The Artist’s Journey: From Seer to Witness

Video essay version.

Let’s go on a little trip, a thought experiment, exploring how you—yes, you, the one reading this right now—might go from a person in the world to a master artist.

You go through life seeing. Your eyes take in the world effortlessly, like breathing—automatic, constant, unexamined.

But sometimes, you stop. You look—at the world, at people, at the things around you. In that moment, you shift from passive seer to active looker.

Maybe that’s where your journey as an artist begins: in the decision to be active where others remain passive.

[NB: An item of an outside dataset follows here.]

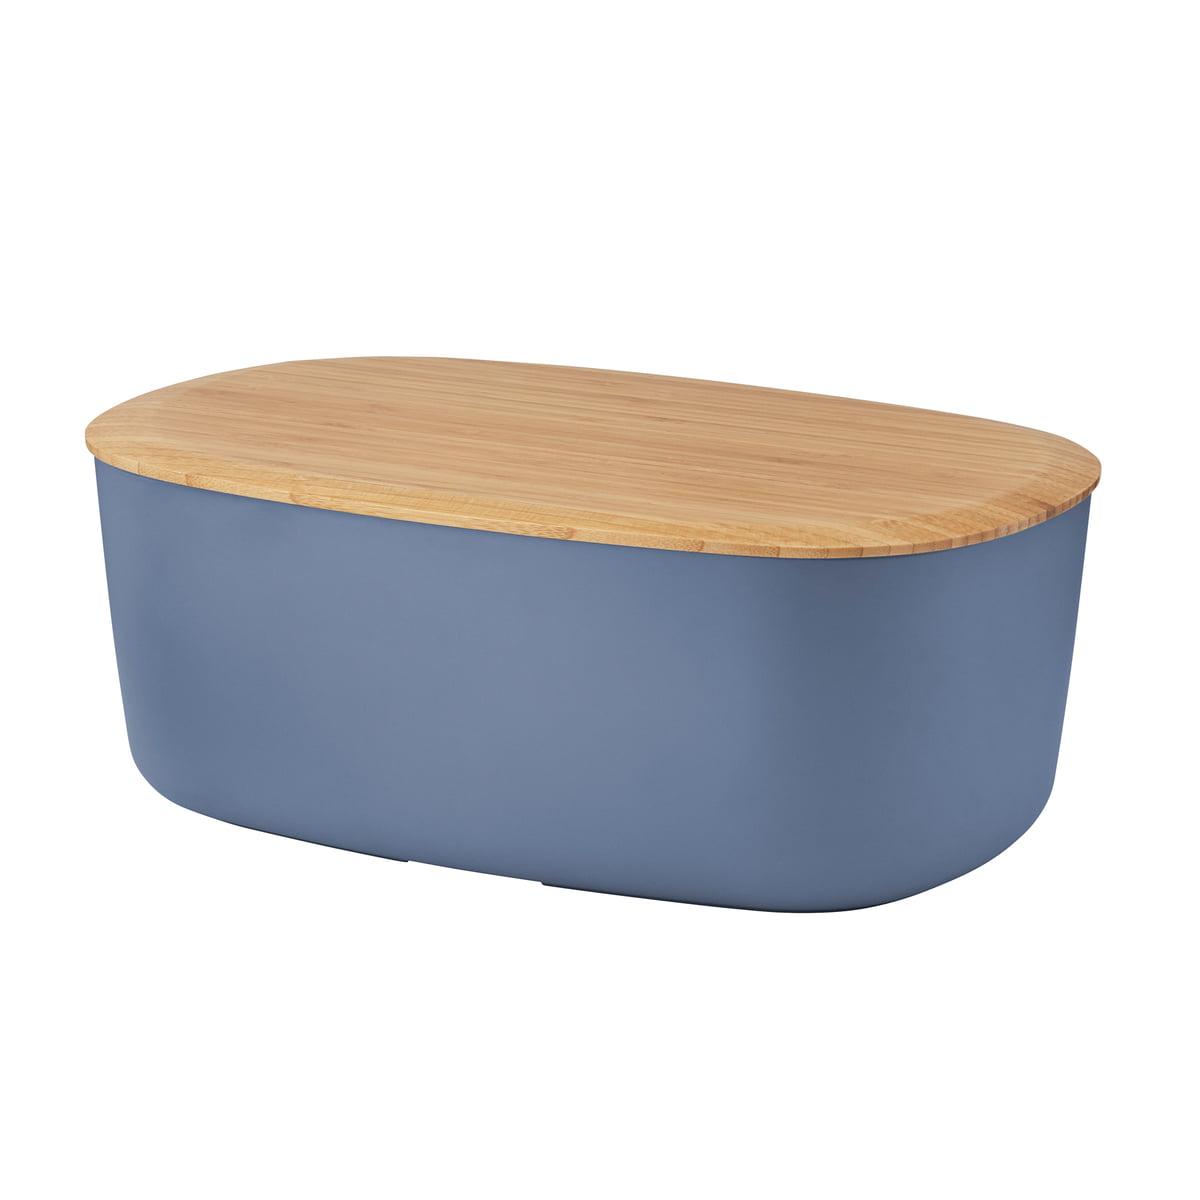 Rig-Tig by Stelton - Box-It Brotkasten, dunkelblau   Küche und Esszimmer > Aufbewahrung > Brotkasten   Dunkelblau   Kasten: melamin -  deckel: bambusholz   Stelton

But that’s only the first step. If you continue, you become something more than a looker—you become an observer. You notice the way the pieces of life fit together, the emotions that flicker across faces, the patterns hidden in the mundane. You start to understand that details make the difference, that the ordinary holds the most beauty—if you’re paying attention.

At this point, you’ve already undergone two transformations. First, from passive seer to active looker. Second, from looker to observer—someone who appreciates the subtle details others overlook.

Still, observation is a conscious effort. It’s like deliberate practice, as K. Anders Ericsson describes it—an active sharpening of your awareness, a bit like Sherlock Holmes noticing details no one else sees. But there’s a step beyond that, a place where true mastery begins.

This is where you become a witness.

Like Picasso, who mastered technique only to step back and paint like a child again, you move beyond observation into something deeper. You no longer just analyze—you feel, you absorb, you let intuition take over. This is where the magic happens, where, as Steven Pressfield says, the “muse” arrives. It’s where flow becomes your natural state.

At this point, you’ve made a full transformation. From seer to looker, from looker to observer, and from observer to witness. And in doing so, you uncover a truth many never realize:

Being an artist is not an identity. It’s not something you are or are not. Thinking of it that way only feeds the ego, invites doubt, and builds unnecessary barriers. Instead, artistry is a state of being, a way of existing in the world, a lens through which you experience everything.

As an artist, you are a witness. You tune in to the waves of beauty around you. You see, you translate, you create. And yet, no matter how skilled you become, the original perception—the pure essence of what you witness—can never be fully captured.

But rather than letting this frustrate you, you embrace it. You understand that imperfection is part of the game of creation. And when you do that—when you let go of the need for perfect translation—you step into the cycle of true artistic freedom.

That, perhaps, is the real journey of an artist: not striving for perfection, but surrendering to the flow—witnessing, creating, and allowing the process to unfold.